++++ Given data ++++

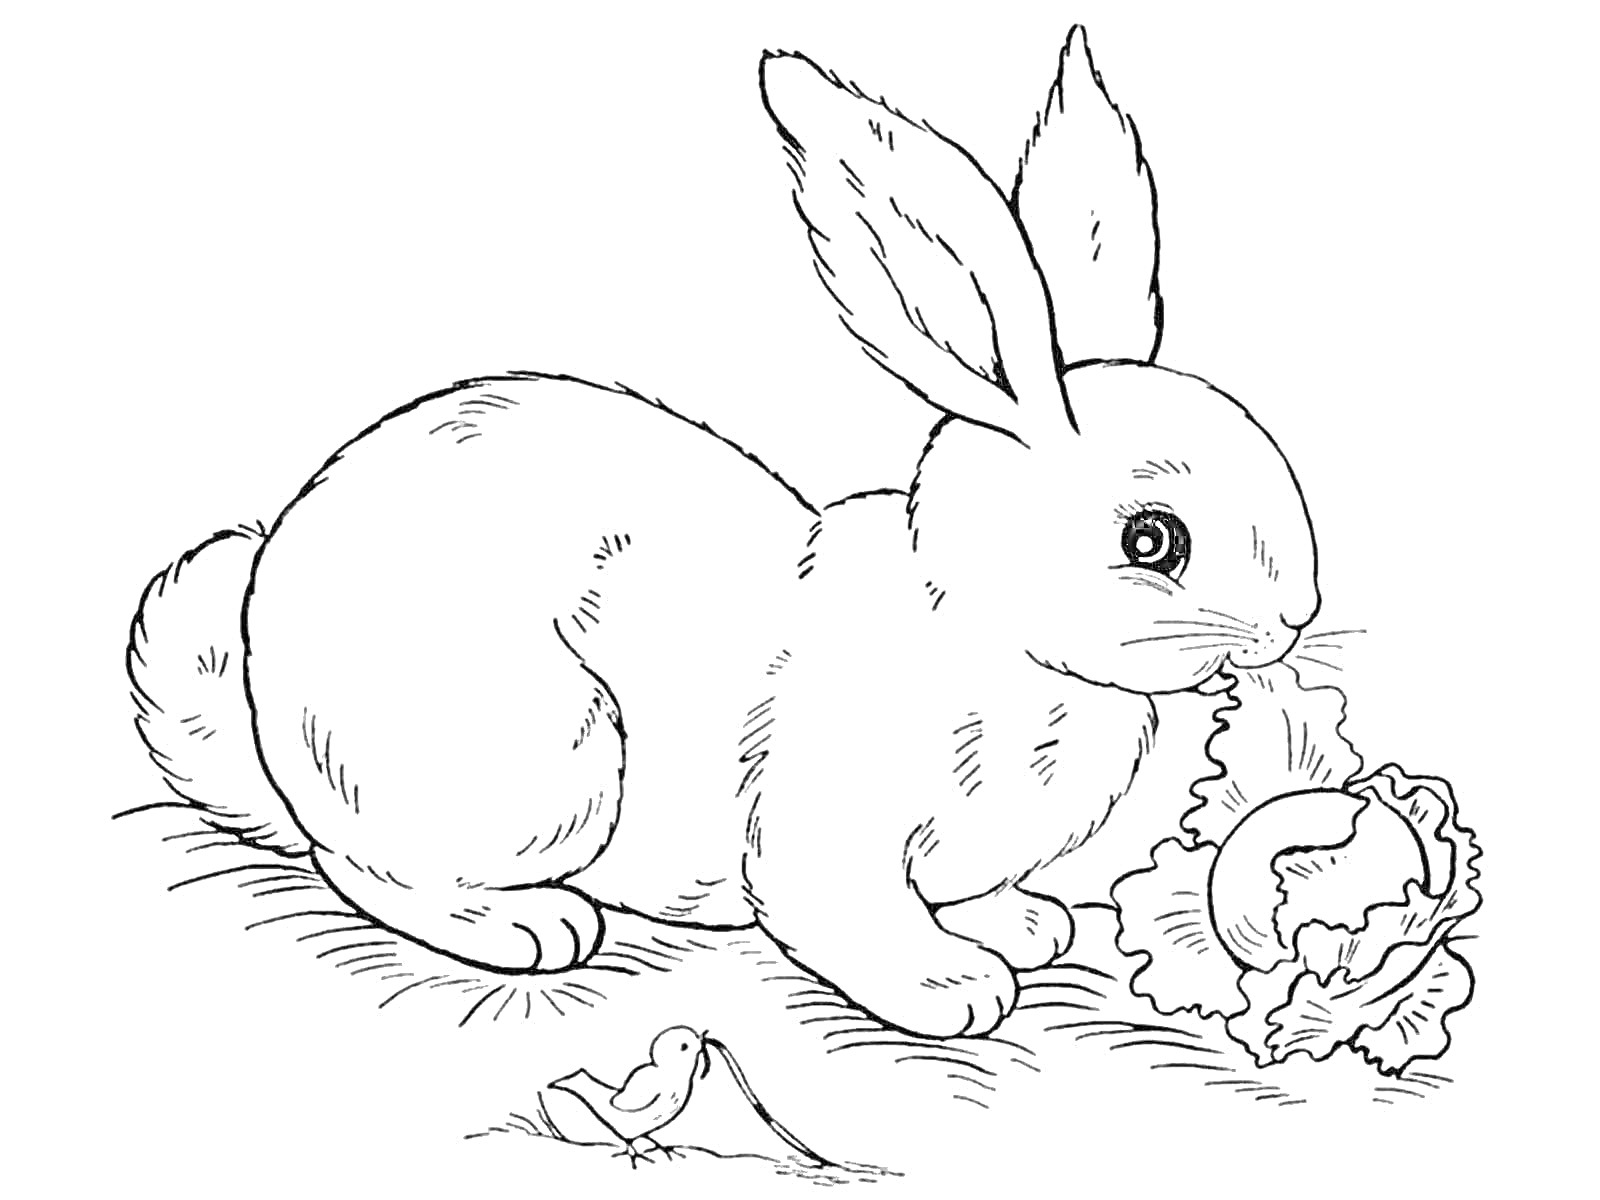 Кролик, кушающий лист салата рядом с маленькой птицей и яблоком
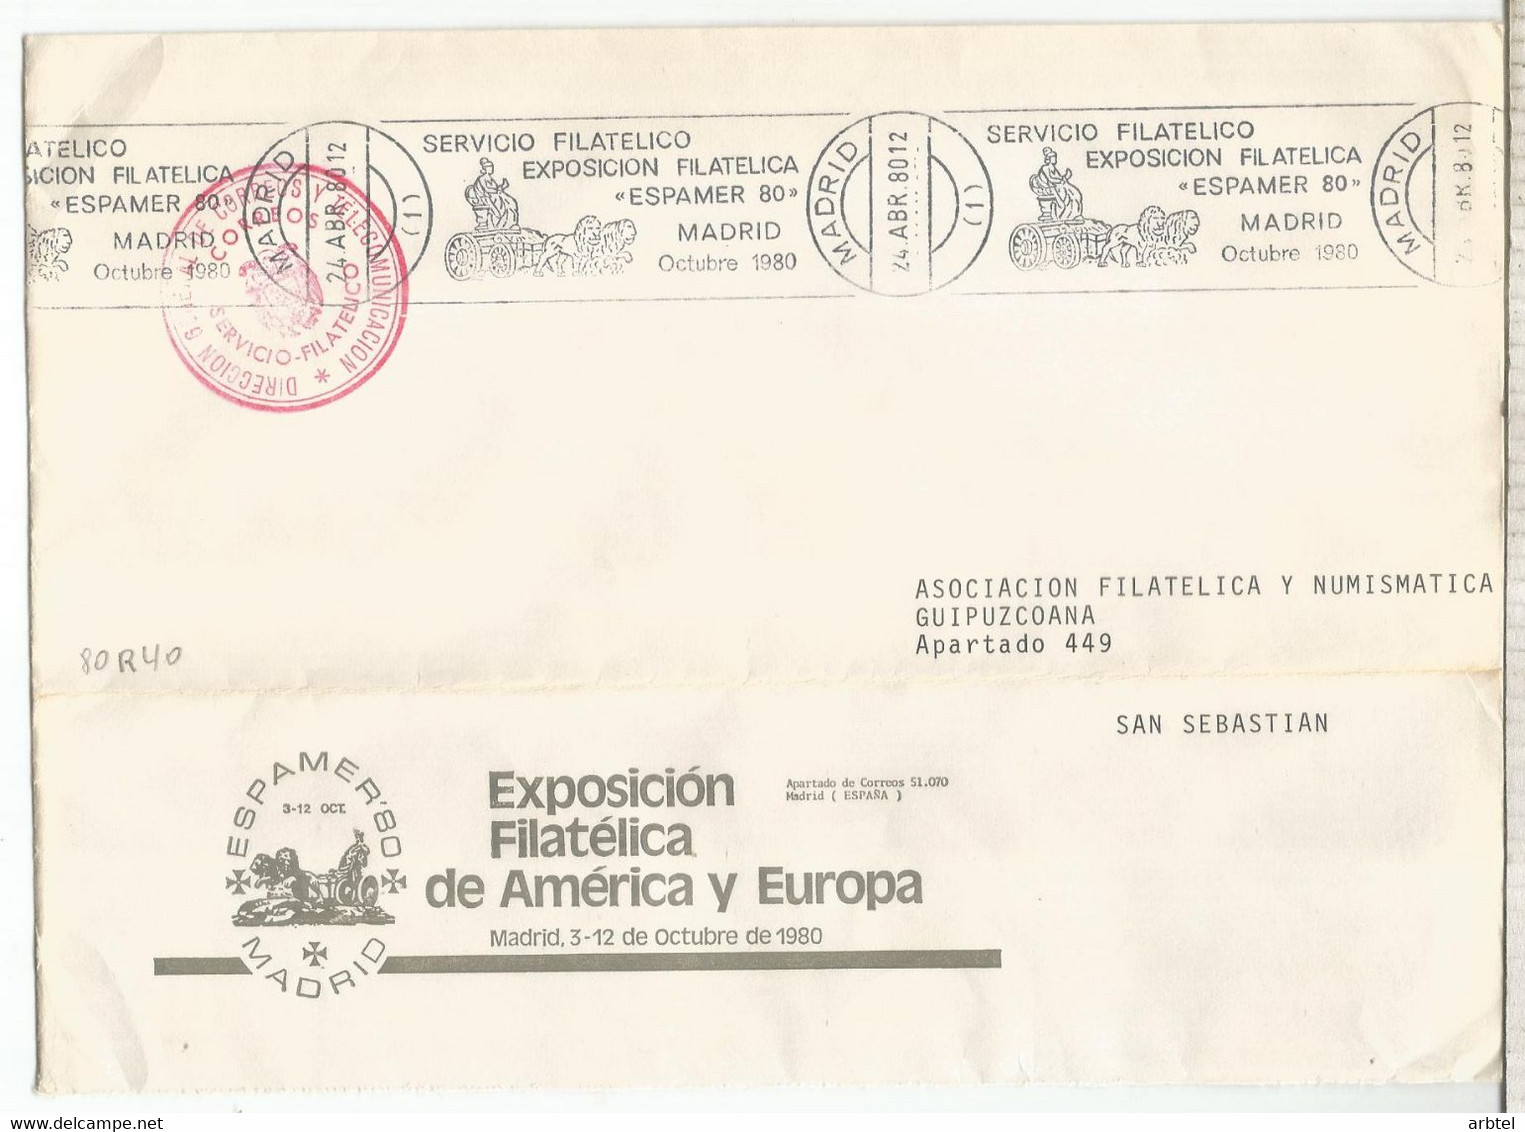 MADRID CC FRANQUICIA SERVICIO FILATELICO MAT RODILLO ESPAMER 80 CIBELES - Franquicia Postal
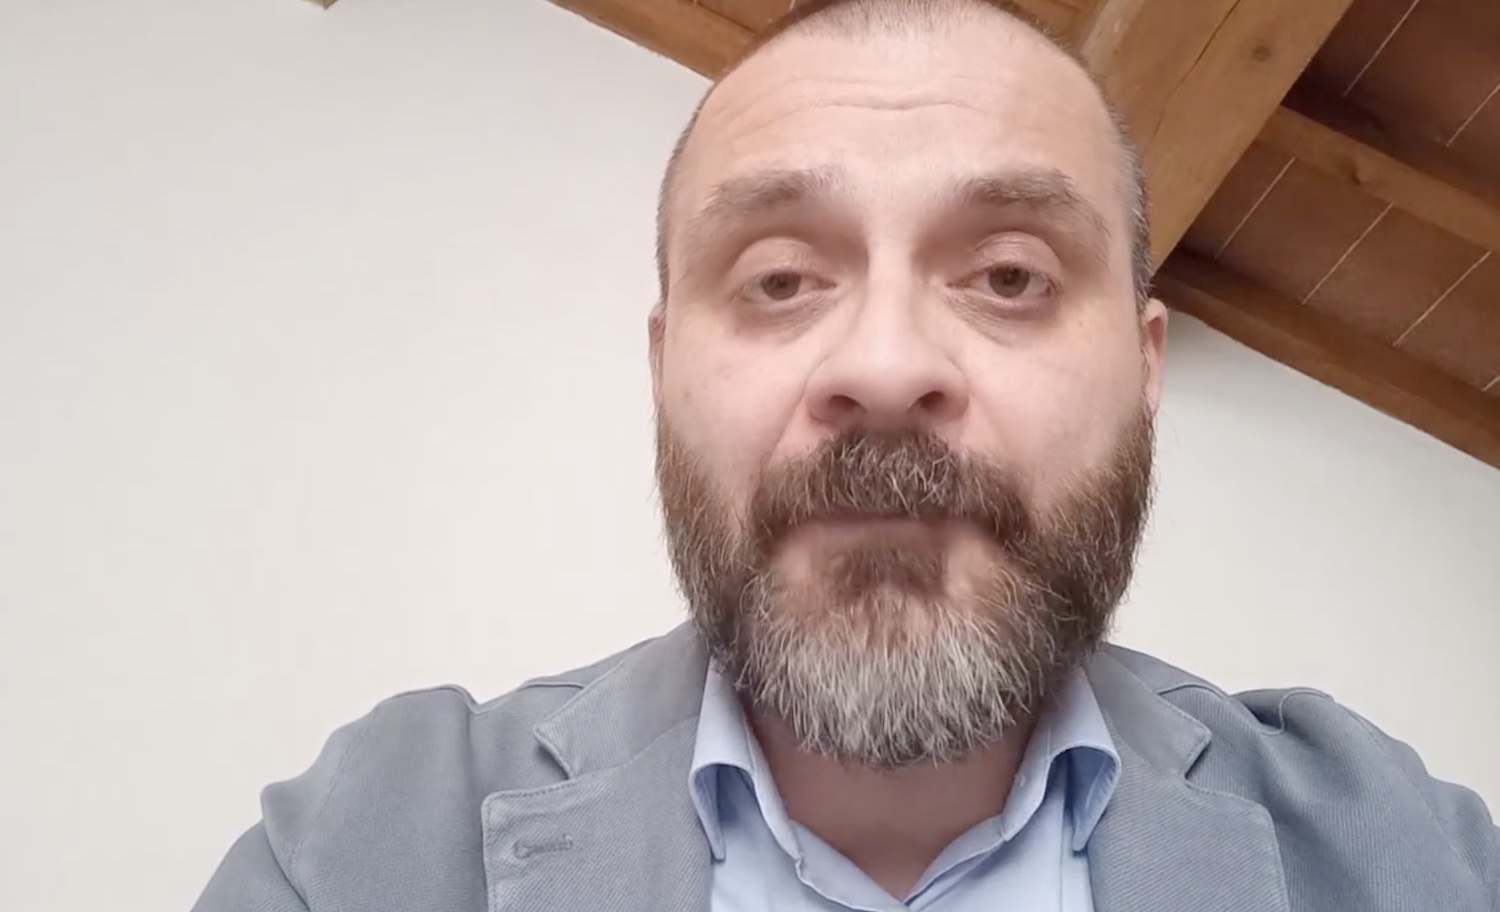 Il consigliere comunale M5s contro la bandiera ucraina vince la sua battaglia: «Via dal Comune» – Il video
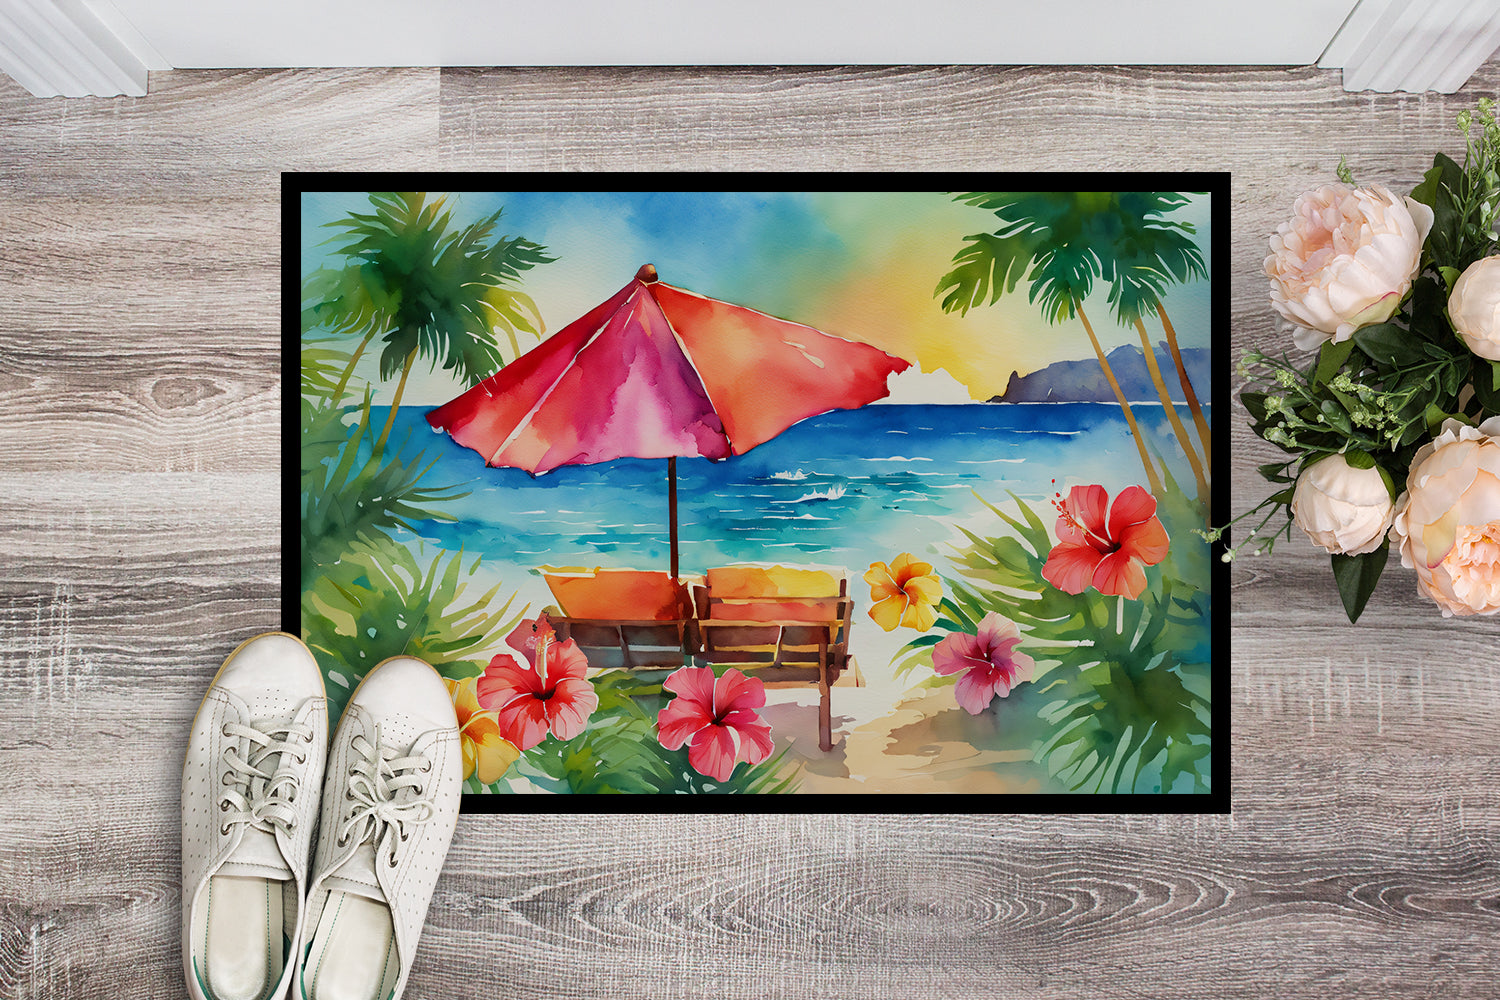 Buy this Hawaii Hawaiian Hibiscus in Watercolor Indoor or Outdoor Mat 24x36

++++

Work item -
Return the material verbatim; the images are not to appear in the copy.

Answer area -
 Кролик, кушающий лист салата рядом с маленькой птицей и яблоком
 MADRID CC FRANQUICIA SERVICIO FILATELICO MAT RODILLO ESPAMER 80 CIBELES - Franquicia Postal
 Il consigliere comunale M5s contro la bandiera ucraina vince la sua battaglia: «Via dal Comune» – Il video
 Buy this Hawaii Hawaiian Hibiscus in Watercolor Indoor or Outdoor Mat 24x36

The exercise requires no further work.